RECORDS PROVIDED:
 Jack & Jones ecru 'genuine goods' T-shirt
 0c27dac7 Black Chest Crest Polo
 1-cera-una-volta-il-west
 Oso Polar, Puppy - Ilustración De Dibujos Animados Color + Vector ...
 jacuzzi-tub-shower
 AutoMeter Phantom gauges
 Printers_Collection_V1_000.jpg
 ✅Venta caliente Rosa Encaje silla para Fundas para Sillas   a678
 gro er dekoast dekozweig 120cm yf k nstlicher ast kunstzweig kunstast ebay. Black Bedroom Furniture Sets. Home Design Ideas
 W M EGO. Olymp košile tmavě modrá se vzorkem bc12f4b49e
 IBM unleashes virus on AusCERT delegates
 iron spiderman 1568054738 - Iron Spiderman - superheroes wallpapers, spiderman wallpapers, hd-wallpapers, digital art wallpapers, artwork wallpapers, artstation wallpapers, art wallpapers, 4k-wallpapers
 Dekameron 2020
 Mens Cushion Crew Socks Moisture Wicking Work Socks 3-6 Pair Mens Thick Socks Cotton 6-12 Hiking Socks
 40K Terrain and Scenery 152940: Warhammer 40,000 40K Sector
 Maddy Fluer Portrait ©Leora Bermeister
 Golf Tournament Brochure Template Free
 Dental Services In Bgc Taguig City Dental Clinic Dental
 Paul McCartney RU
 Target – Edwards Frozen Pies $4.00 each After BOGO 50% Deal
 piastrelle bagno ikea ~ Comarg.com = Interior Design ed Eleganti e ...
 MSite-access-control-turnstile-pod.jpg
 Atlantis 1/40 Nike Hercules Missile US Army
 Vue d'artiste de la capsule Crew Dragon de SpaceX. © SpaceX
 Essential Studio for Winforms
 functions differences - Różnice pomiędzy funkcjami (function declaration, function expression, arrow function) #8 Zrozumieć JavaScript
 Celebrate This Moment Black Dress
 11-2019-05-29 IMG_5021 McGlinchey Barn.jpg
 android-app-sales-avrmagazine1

WORK TO BE COMPLETED: Find the lines above holding the word "Black" and show them.

ANSWER SPACE:
 0c27dac7 Black Chest Crest Polo
 gro er dekoast dekozweig 120cm yf k nstlicher ast kunstzweig kunstast ebay. Black Bedroom Furniture Sets. Home Design Ideas
 Celebrate This Moment Black Dress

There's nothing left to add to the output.